芝居小屋で偶然ロクサアヌを見つけ、その姿に一目惚れしてしまうクリスチャン。

最初こそシラノを挑発する場面もあるものの、ロクサアヌのいとこだとわかると「お義兄様!」と突然ひざまずいてしまうほどの直情型です(笑)。

自身に詩の技術がなく苦手なため、シラノの手を借りてロクサアヌに便りを送り続けますが、実際に再会すると詩的なことは全く頭からすり抜けて「口づけを(したい)」と要求してしまうあたり、やっぱり直情型です。
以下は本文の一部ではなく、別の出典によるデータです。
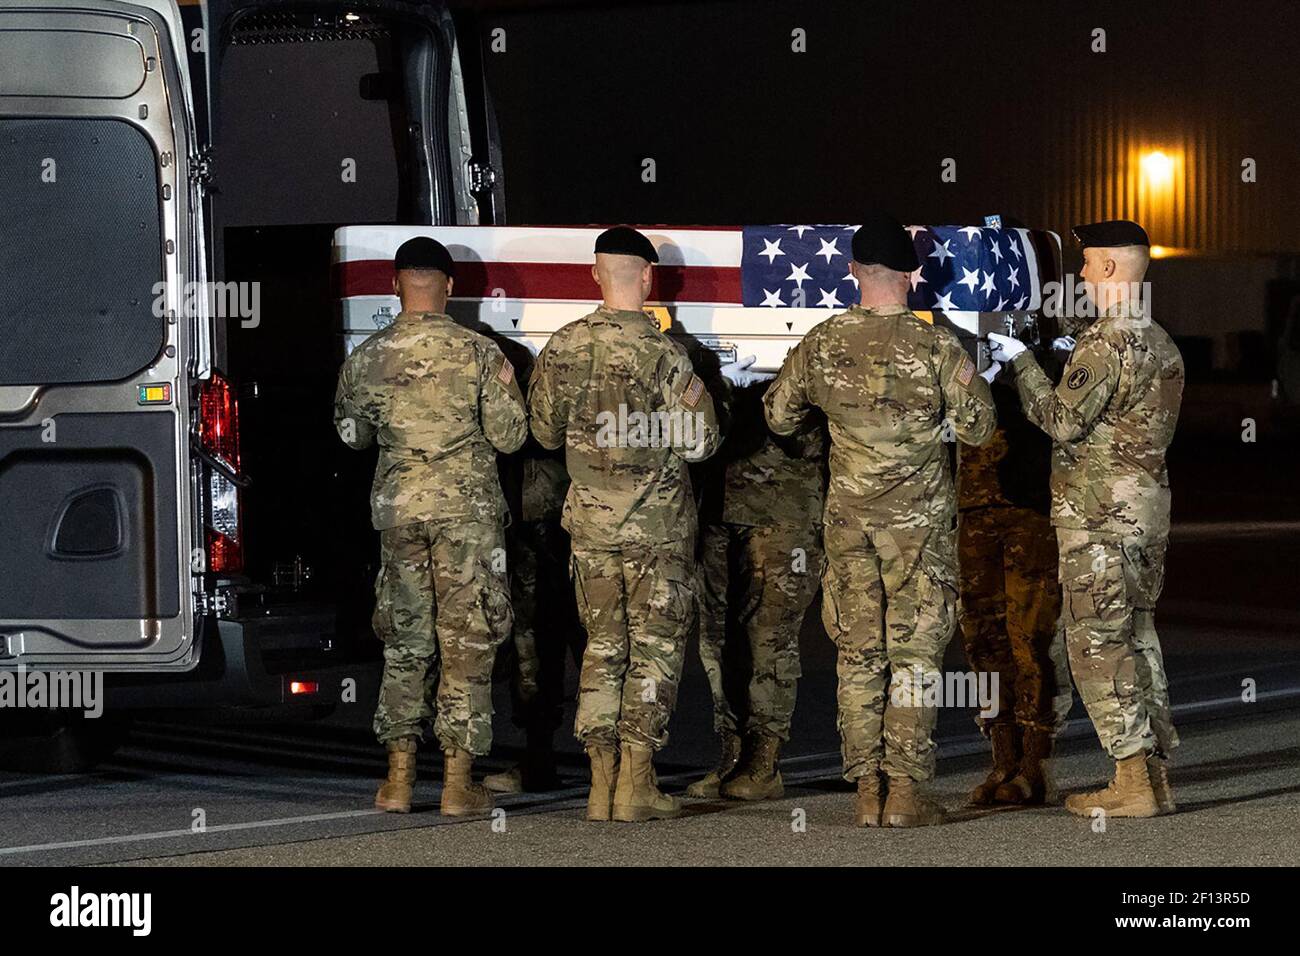 U.S. Army military honor guard members are seen during the dignified transfer ceremony Thursday evening Nov. 21 2019 at Dover Air Force Base in Dover Del. for Chief Warrant Officer 2 David C. Knadle of Tarrant Texas and Chief Warrant Officer 2 Kirk T. Fuchigami Jr. of Keaau Hawaii who were killed Wednesday in a helicopter crash in Afghanistan. Stock Photo

見た目は本当に麗しく、シラノも劇中で「寝ていても色男だな~!」と言わしめるほど。

シラノは自身の容姿にコンプレックスを抱えていながらも、他人の容姿についてくさすことなく(そういう段階を超えたのかもしれませんが)、素直にクリスチャンに対して褒めるんですよね。つよい。

それぞれ違う愛の形が面白い部分のひとつ

二人の魅力的な男性から愛されるのが、ヒロインのロクサアヌ。

彼女は聡明な女性で、また、自身も詩を愛しており、クリスチャンの手紙(中身はシラノが書いたもの)を心待ちにしている描写がなされています。

直接的な言葉を嫌い(嫌いというかセンスがないと考え)、わざわざ詩的な言い回しで言わないとときめかない彼女は、クリスチャンからすればしんどかったことでしょう(笑)。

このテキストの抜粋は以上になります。